Sorry, Cornfed, I just don't see a fetus as a human. ...
A viable fetus? Sure. Now we're into some ethical conundrums.
It's all line-drawing. When is a fetus viable? As I think Brucie wrote earlier, it depends. Worse: it may depend on the financial well-being of the parents, which seems like a thoroughly inappropriate way for determining when a child's right to stay alive begins. It is tough to see a four-celled organism as a human, I concede, but what if you can see a heartbeat on the sonogram? By definition, the organism is alive, but when does it become human? Other than the bright-line rules of conception or birth, the question of when human life begins is pretty murky. And I don't buy the "life experience/socialization" argument as a justification for the life-begins-only-at-birth argument, not in the slightest, because I am not aware of any conclusive evidence that life experience or socialization begins right at the moment of birth. Some believe that developed babies still in the womb can hear and respond to outside stimuli. If that's true, then the "life experience" starts before birth. Others (like me) think that newborns are idiots who can't process
anything resembling socialization right away -- yet even so, no one would advocate killing a newborn, so that can't be the line we draw, either.
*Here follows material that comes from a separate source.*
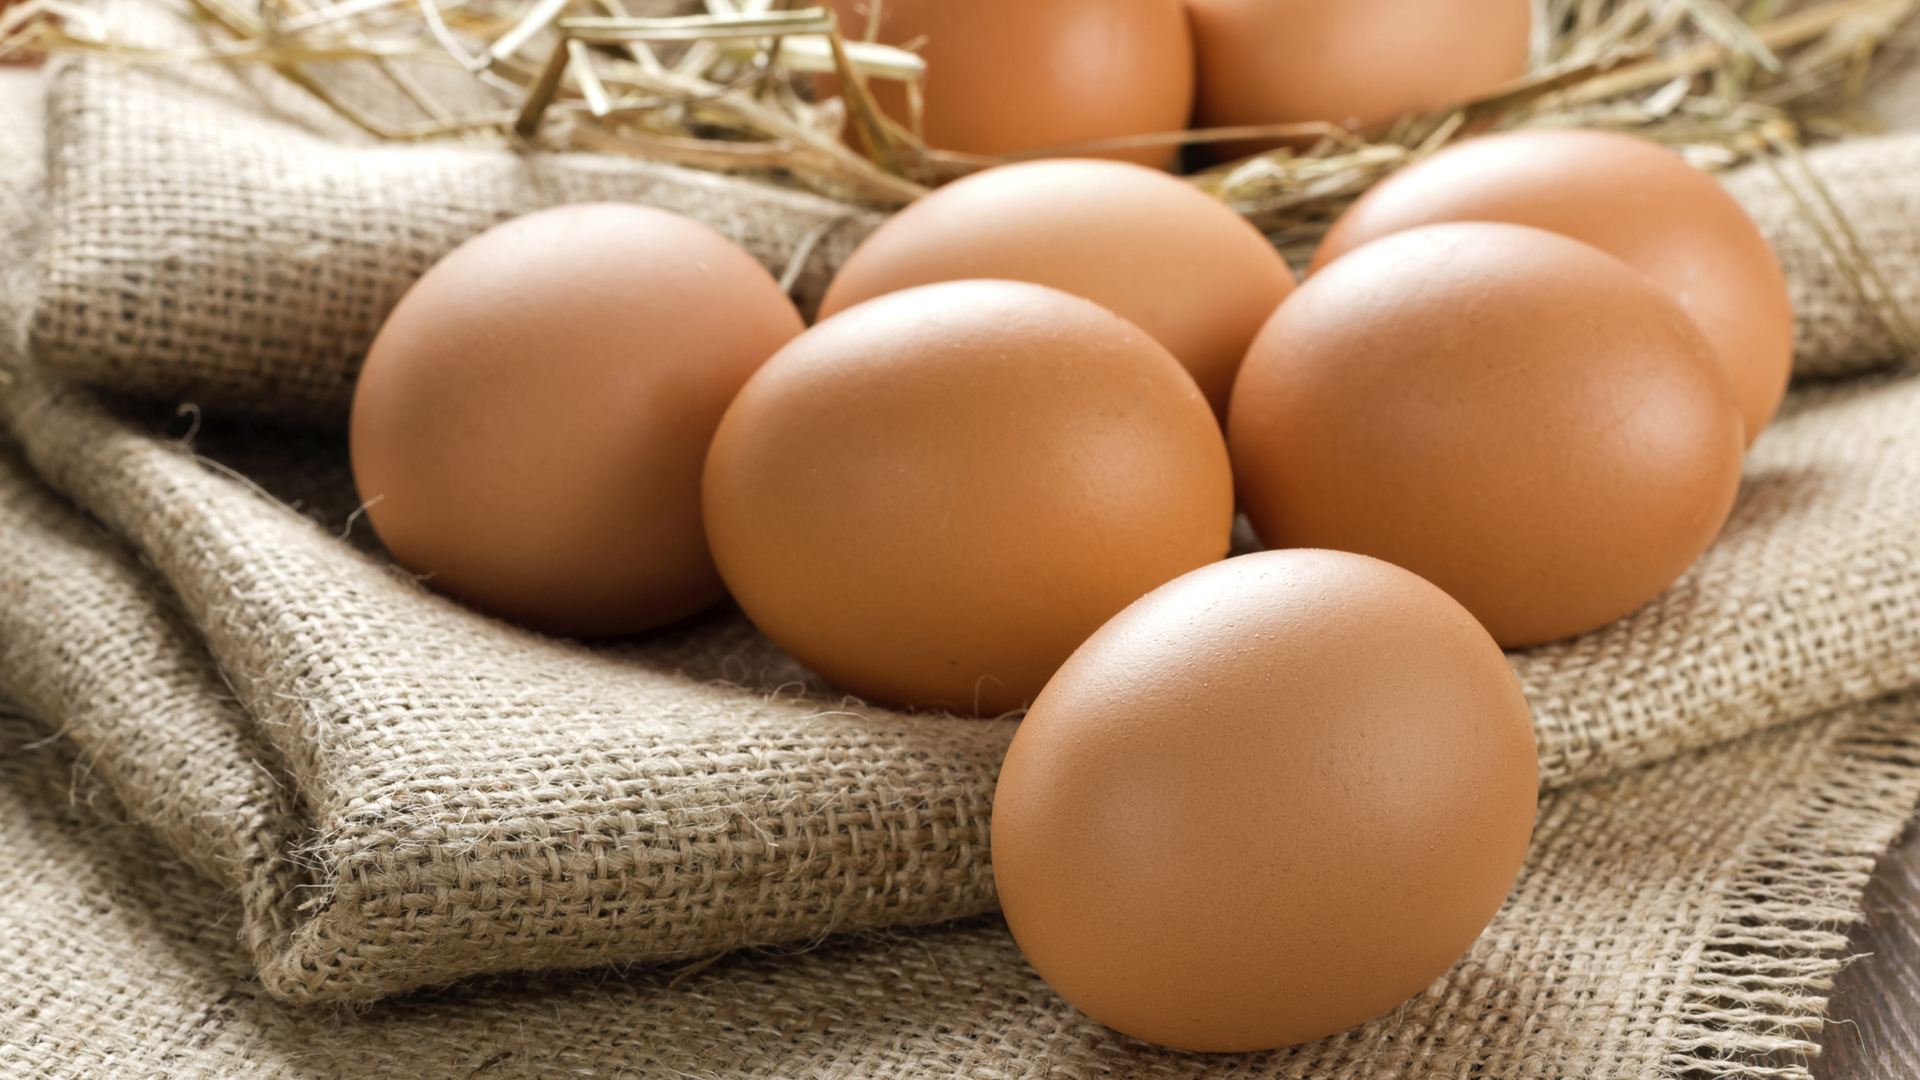 La gripe aviar no se transmite a las personas por el consumo de pollos, pavos o huevos/Archivo

To be clear, I am not a staunch right-to-lifer. I see the gray area, and acknowledge that there may be legitimate public policy reasons for ending human life (warfare, self-defense, death penalty, abortion, etc.). That is why my concerns about the death penalty stem not from some overriding principle about the sanctity of life, but more from the practical (and real) problem of executing innocents unjustly. As for abortion, I am less bothered by things like the "day after" pill that may end the nascent life of a small organism of just a few cells, but more bothered by aborting fetuses that have a heartbeat and "look" human -- which, by the way, happens much earlier in the development process than I thought before we had our first child. I just couldn't look at that little dude with eyes, a mouth, arms, legs and a heartbeat, and not think "human." But that's a pretty personal view of the matter, I acknowledge.